MPI Wisconsin Machining Division v. Wisconsin Department of Industry, Labor & Human Relations

464 N.W.2d 79, 159 Wis. 2d 358, 1990 Wisc. App. LEXIS 1110
CourtCourt of Appeals of Wisconsin
DecidedNovember 27, 1990
DocketNo. 90-0844
StatusPublished
Cited by2 cases

This text of 464 N.W.2d 79 (MPI Wisconsin Machining Division v. Wisconsin Department of Industry, Labor & Human Relations) is published on Counsel Stack Legal Research, covering Court of Appeals of Wisconsin primary law. Counsel Stack provides free access to over 12 million legal documents including statutes, case law, regulations, and constitutions.

Bluebook
MPI Wisconsin Machining Division v. Wisconsin Department of Industry, Labor & Human Relations, 464 N.W.2d 79, 159 Wis. 2d 358, 1990 Wisc. App. LEXIS 1110 (Wis. Ct. App. 1990).

Opinion

CANE, P.J.

Dawn Schimmel appeals a trial court judgment reversing the decision and order of a hearing examiner representing the Equal Rights Division of the Department of Industry, Labor and Human Relations. DILHR elected not to participate in this appeal. Schim-mel contends the trial court erred by ruling that three incidents of illness involving Schimmel and members of her family were not "serious health conditions" within the meaning of the Family and Medical Leave Act (FMLA), sec. 103.10, Stats. Because Schimmel's absences to care for her daughter, KoHanna, and son, Brian, were medical leaves protected under the FMLA, we reverse the trial court's judgment.
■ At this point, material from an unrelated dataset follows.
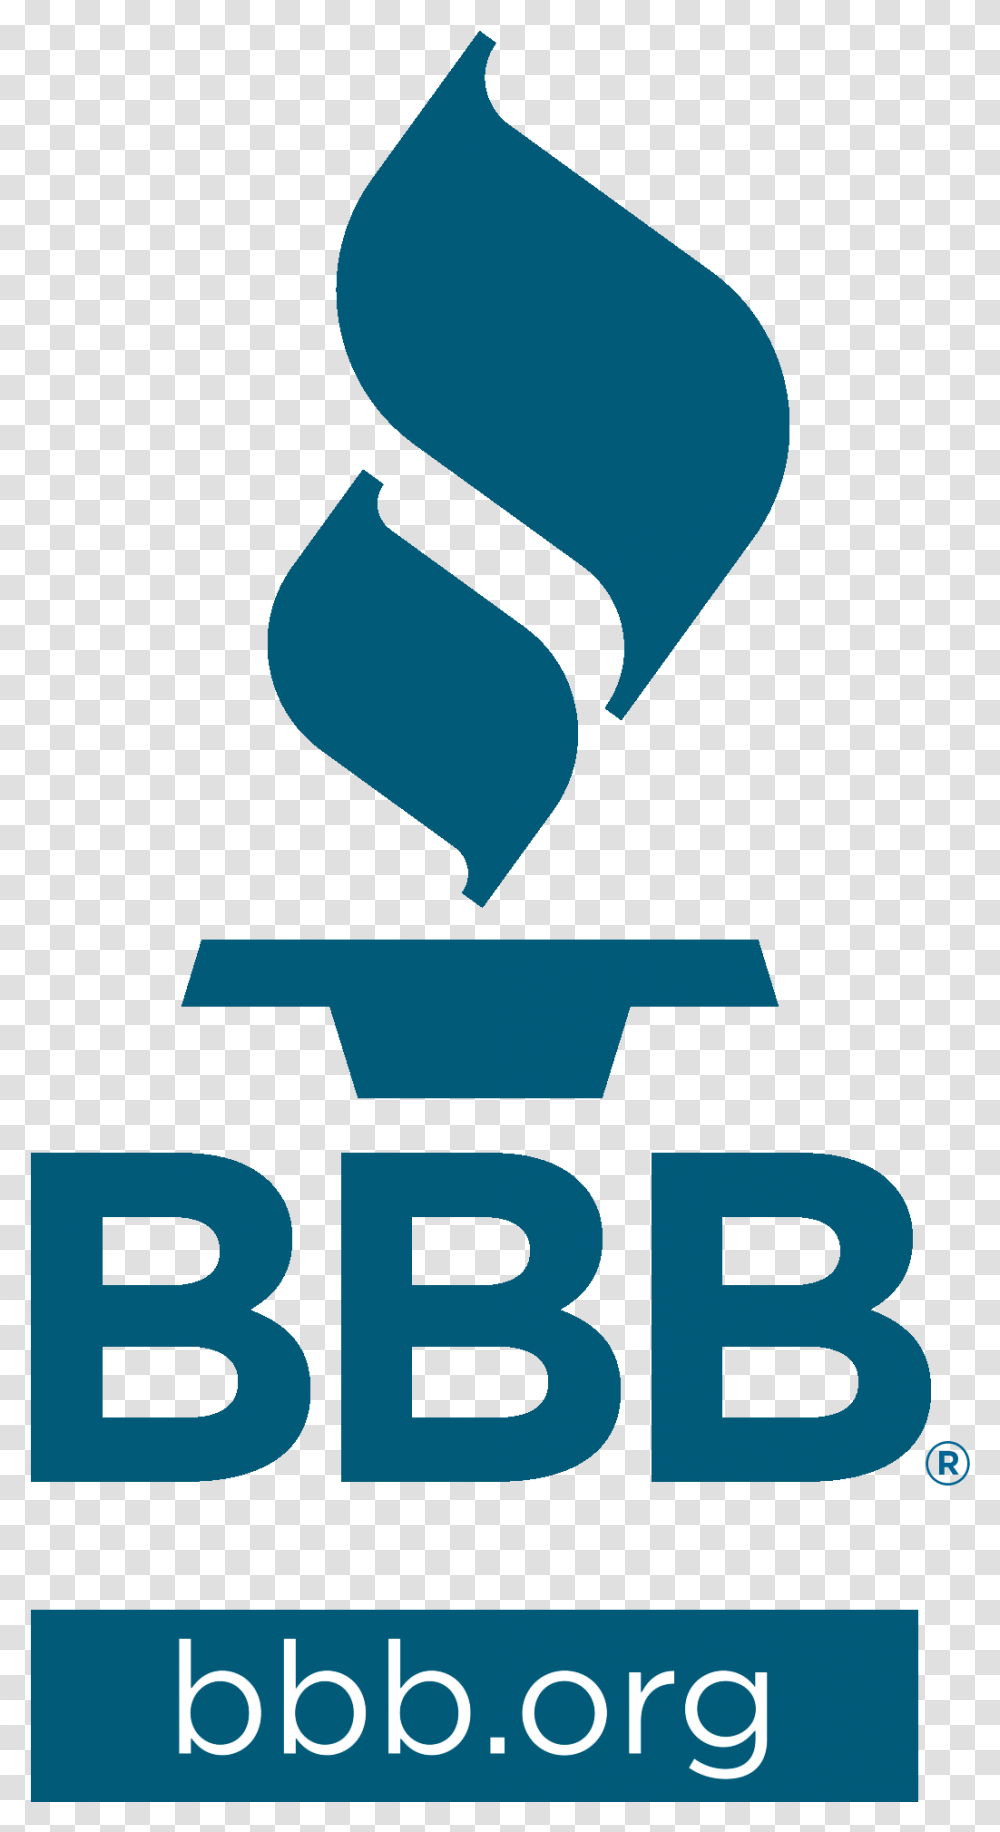 Better Business Bureau Serving Wisconsin Announces Better Business Bureau Colorado, Poster, Architecture Transparent Png

Schimmel was discharged for accumulating twenty-one points during a six-month period under the Absence and Lateness Policy of her employer, MPI Wisconsin Machining Division (MPI). Under MPI's policy,1 an employee who leaves work early without prior approval is assessed two points, regardless of the reason for leaving. Also, an employee who is absent without prior [364]*364approval, but calls in on the day of absence, is assessed three points, regardless of the reason for the absence. When an employee accumulates twenty-one points within a six-month period, he or she is terminated.

On appeal, Schimmel contests the assessment of points for three absences in the six-month period. We will discuss the absences in the following order: (1) Dawn Schimmel was taken to a hospital emergency room, suffering from an attack of bronchitis. She was treated and released the same day, with instructions to return to work two days later. She was assessed three points for this violation. (2) Brian, Schimmel's son, had a mild concussion, and Schimmel left work early in response to a doctor's direction to take him to the hospital emergency room. She was assessed two points for this violation. (3) KoHanna, Schimmel's daughter, was hospitalized on a Sunday night for high fever and dehydration. Schimmel took the following day off work to care for KoHanna during her hospitalization, but called MPI within the policy's required notification period on the day of her absence. She was assessed three points for this violation.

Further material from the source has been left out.